July 30, 2008


This looks interesting - in a 'teach people how the Web really works' kind of way. WebHooks is a catch phrase for Web application development where notification are sent from theh source to the listener via HTTP POST, rather than the other way around via polling (which, as some have said, doesn't scale).

Somewhat related to my earlier post on how HTTP can be used as an alternate to XMPP/Jabber in a publish/subscribe scenario without too much problem or angst.

July 29, 2008


We've recently migrated our software servers from a dedicated server environment (BlueGecko - really good people and service) to Amazon's EC2 'virtual compute cloud' environment.

The new system has a very nice performance monitoring capability based on Ganglia that gives us visibility into the performance of service requests as well as details on more fine-grained functions that take place within each request. We can now see not only the number of requests or functions but also the average duration and the time it took for 50%, 95% or 99% of the requests to complete in a five minute interval. This percentile breakdown gives a quick feel for how 'spiky' performance is and how common outliers are.

So far, things have gone very well but there was one function of the system that seemed to suddenly have terrible performance. I was able to quickly see which area of the code was involved, which pointed me to some SQL statements.

As our system adds new anonymous profiles, the code retrieves the unique number assigned by MySQL using the special query that MySQL provides:
SELECT LAST_INSERT_ID() AS user_id FROM oo_anon_user

However, it turns out that this SQL is actually incorrect - the extra "FROM oo_anon_user" caused the database to return every single record from the table back to the client, on every request that created a new record. This of course took some time.

The correct syntax to retrieve an auto-increment field from a MySQL table is
Remember to omit any FROM clause.

It's much much much faster now.

July 24, 2008

REST and pub/sub

It's unfortunate that technologists continue to propagate serious mistakes like "[...] its also clear that REST and its inherent polling mechanism isn't the best way of building a user notification system [...]"

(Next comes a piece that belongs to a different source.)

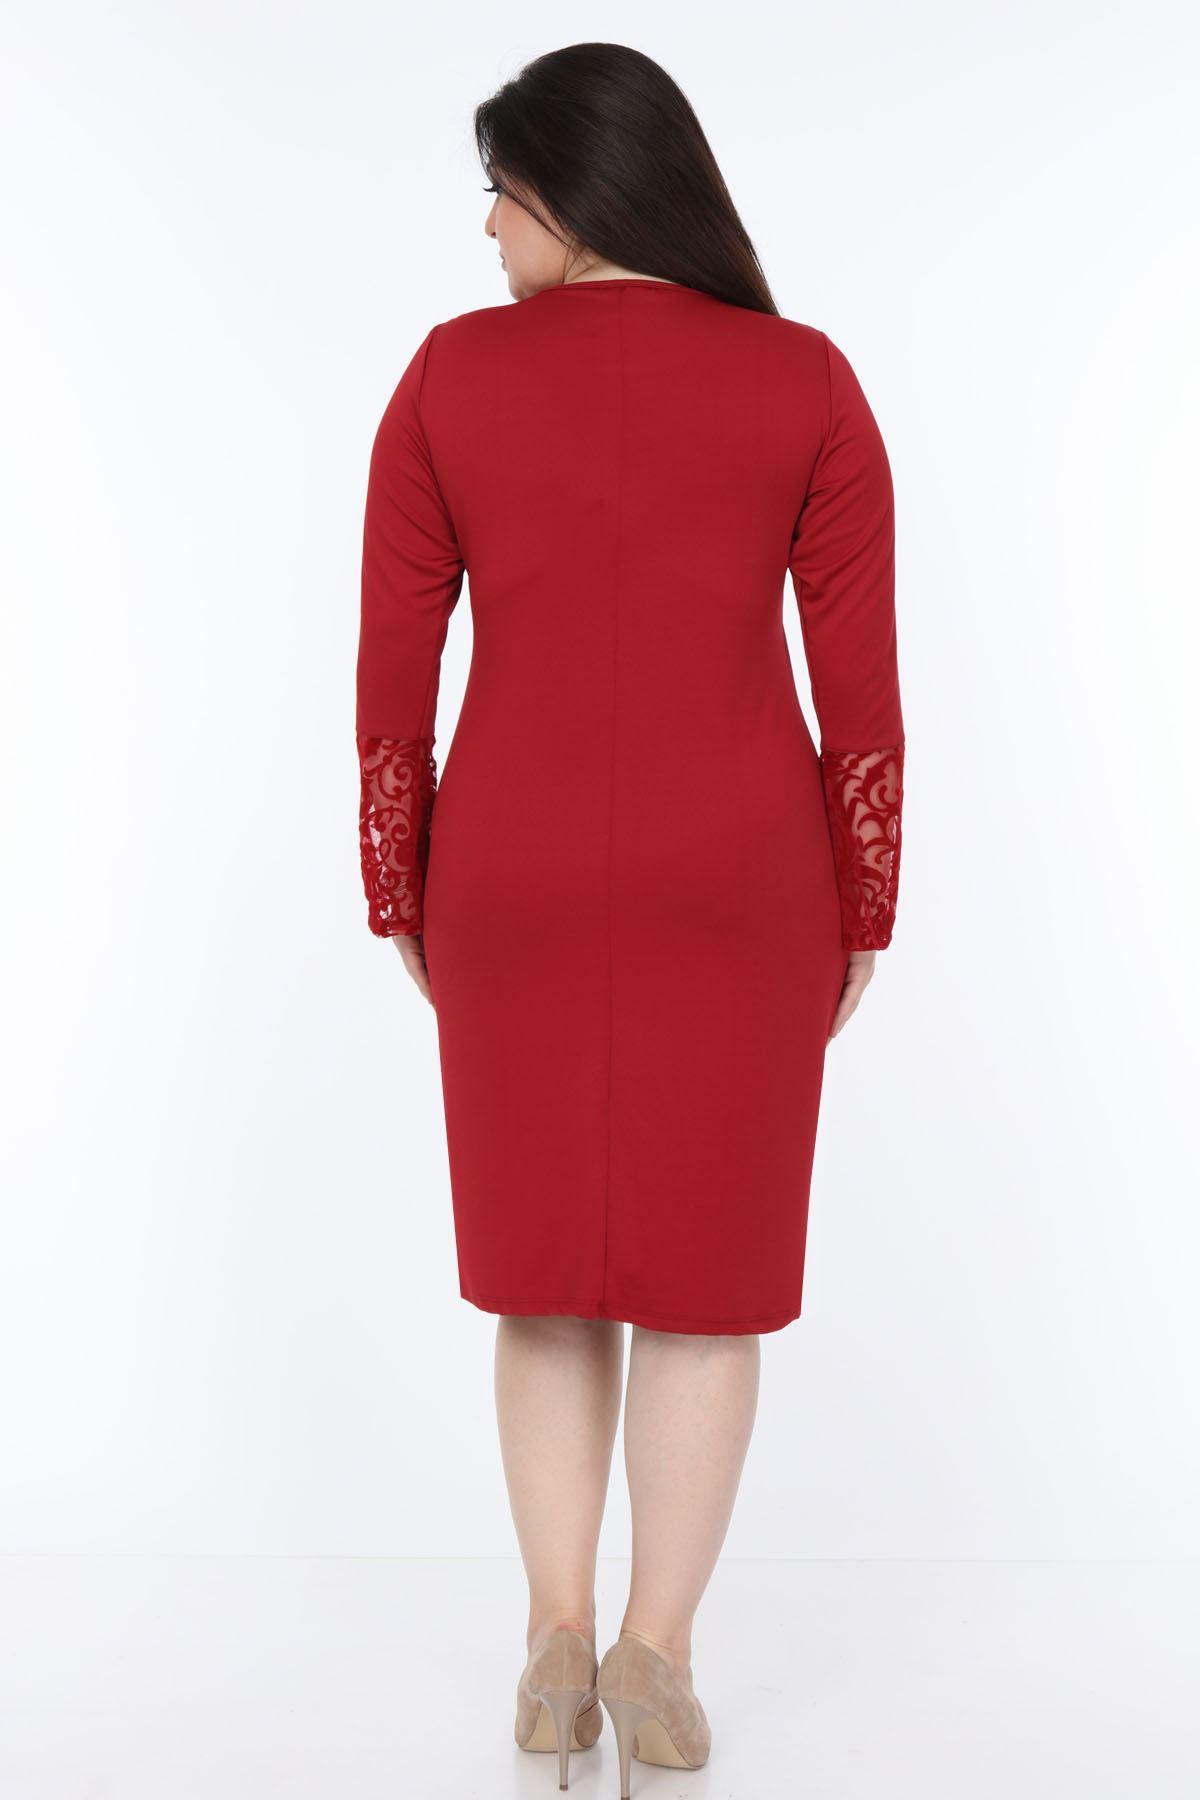 Bordo İspanyol Kol Elbise 2E-1070

REST is about state transfer - and event notifications are also state transfer.
As for HTTP, it isn't only "polling" - anyone that has posted a blog entry knows that. The 'client' can 'post' updates to the 'server' - exactly the same as event notifications via XMPP. The great thing about XMPP is the federated multi-hop capability with 'trust' built-in. Just like email, only with everyone using settings for very low latency delivery.

There have been multiple publish/subscribe over HTTP mechanism (comet, mod_pubsub, KnowNow, etc) over the years.

July 21, 2008

Twhirl Adds Identi.ca

I don't really follow the social/friend feed streaming application space, but this post about Twhirl from
ReadWriteWeb had a quote that caught my eye (emphasis mine):

However, for the regular user, always on social networking doesn't have to be a source of stress - it just means that when you go online, socializing with others just becomes part of the overall experience of being on the internet.